This, he says, will grip us for 14 years because Neptune, which rules water, is in Pisces and Uranus, which rules upheaval, is in Aries. This alignment was in place in 1883 when Krakatoa, Indonesia, erupted with a force four times that of the biggest nuclear bomb and killed 40,000 people, mostly in tsunamis.

Believe what you want. But three days before Japan got whacked, astrologers fretted about the “lunar perigee” March 19, when the moon’s orbit will be its closest to Earth in 19 years.
On Wednesday, Britain’s Daily Mail reported, “the web was yesterday awash with apocalyptic warnings that the movement of the moon will trigger tidal waves, volcanic eruptions and even earthquakes next week.”

Well, Japan may have jumped the gun a bit. But, yikes. Scientists scoff. “There’s nothing going on out of the ordinary,” U.S. seismologist Dr. Daniel McNamara tells Reuters about the string of killer quakes in the past year, and now in Japan.

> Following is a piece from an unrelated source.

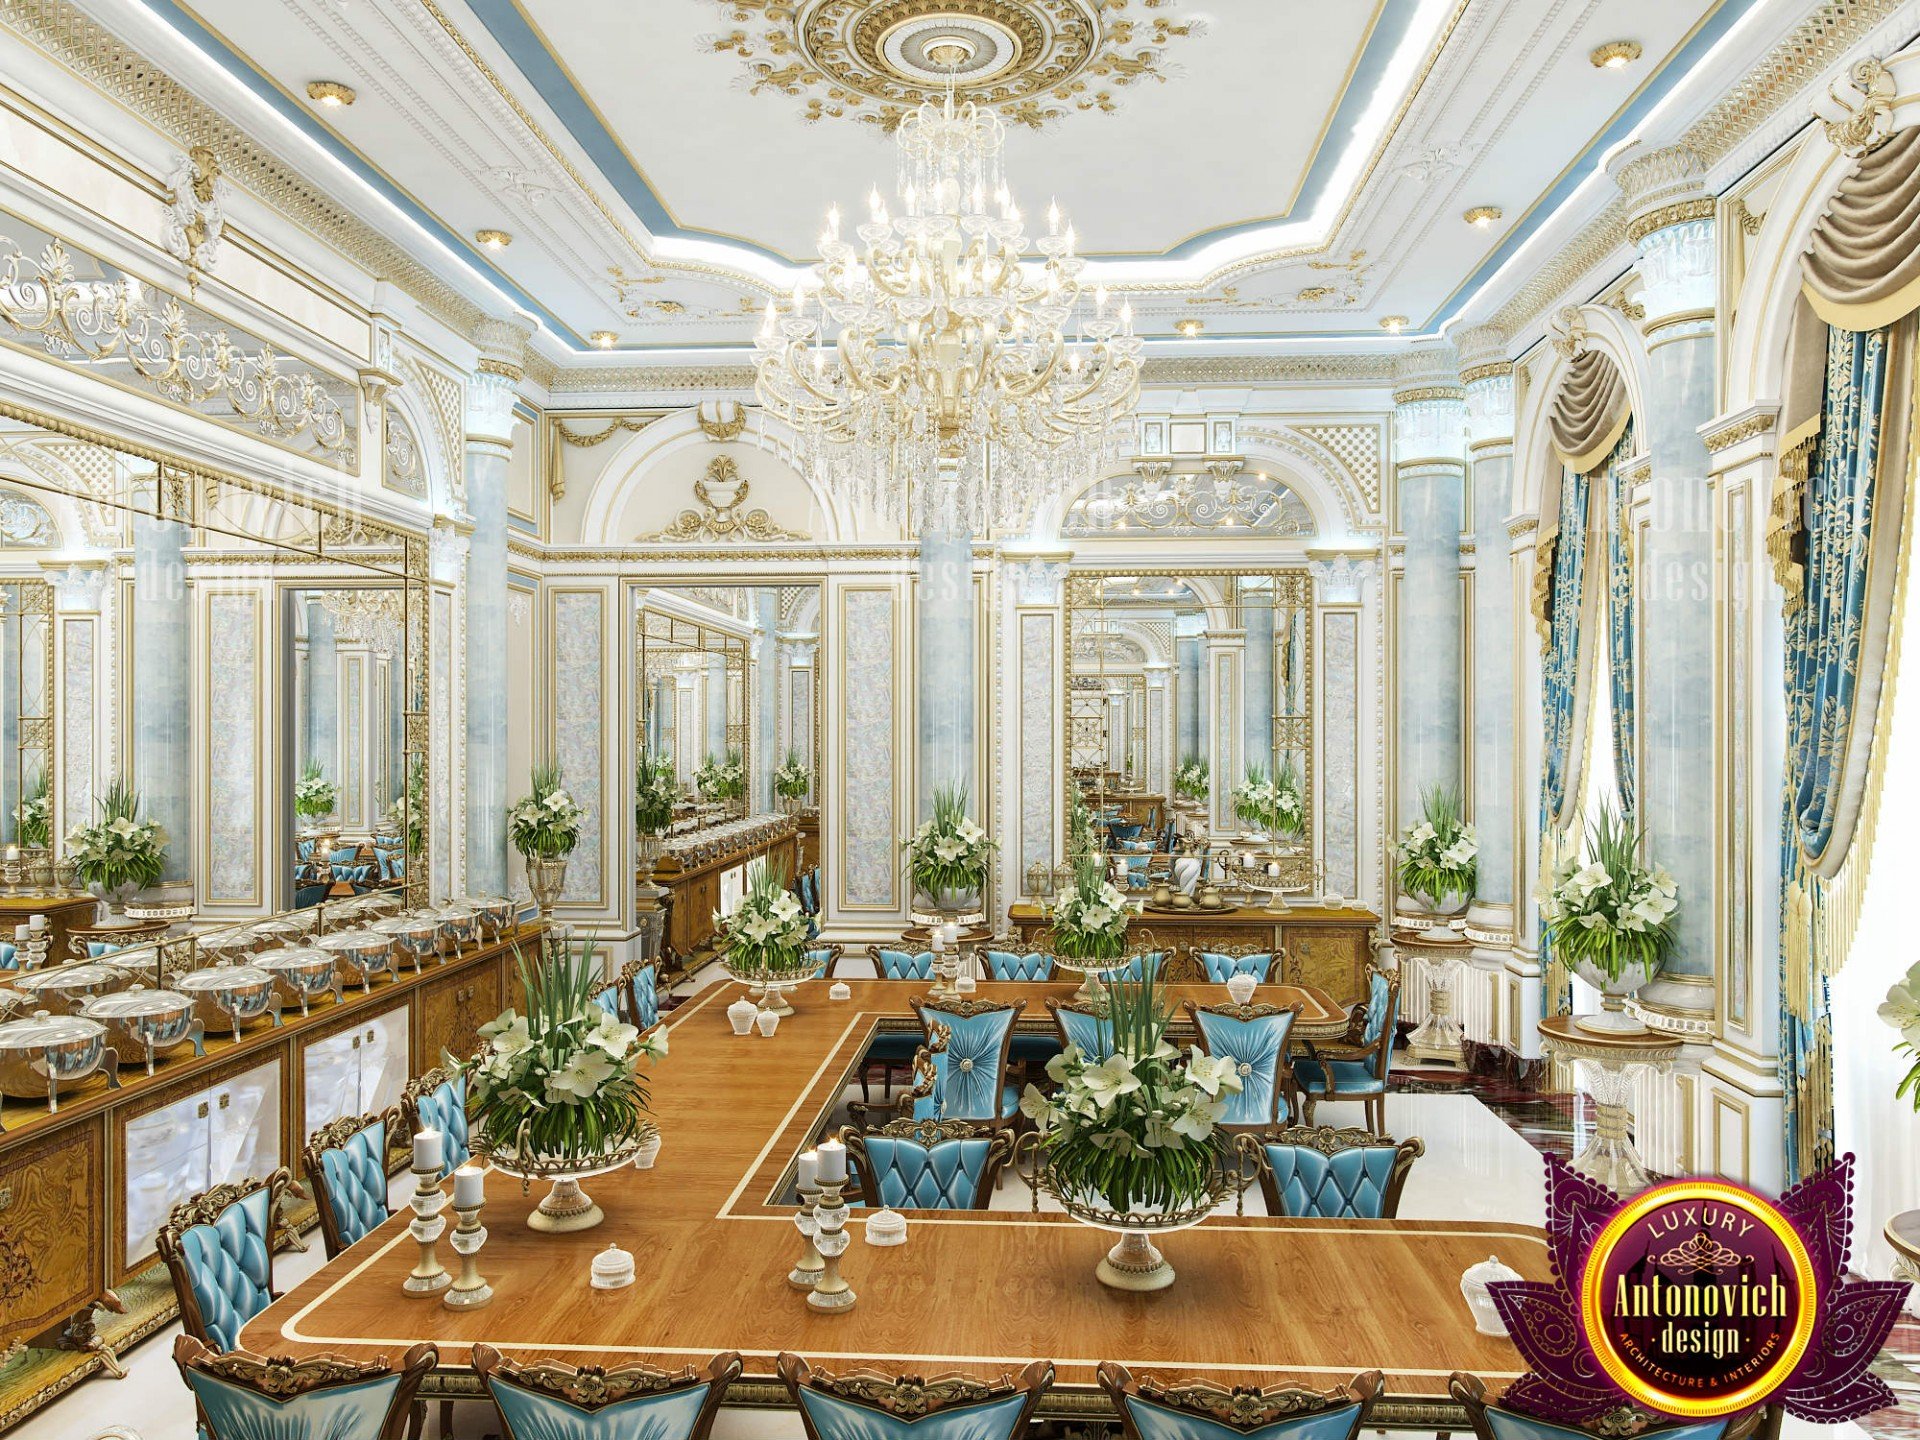 royal dining room decor

The planet’s plates grind all the time, he says, with tens of thousands of tremors each year.
Adds Florida geoscientist Grenville Draper: “We’ve just had bad luck, they’ve occurred in places near to centres of population and then it becomes news.”
Makes sense, I guess.

If a calamity falls in a forest, and CNN’s not there to report it, does it make any sound?
Tragedy is worse because we’re more tuned in to it. And it’s our nature to seek patterns, kooky and otherwise, even where none exist.

Maybe. But this flyspeck floating in space sure seems a lot more fragile these days.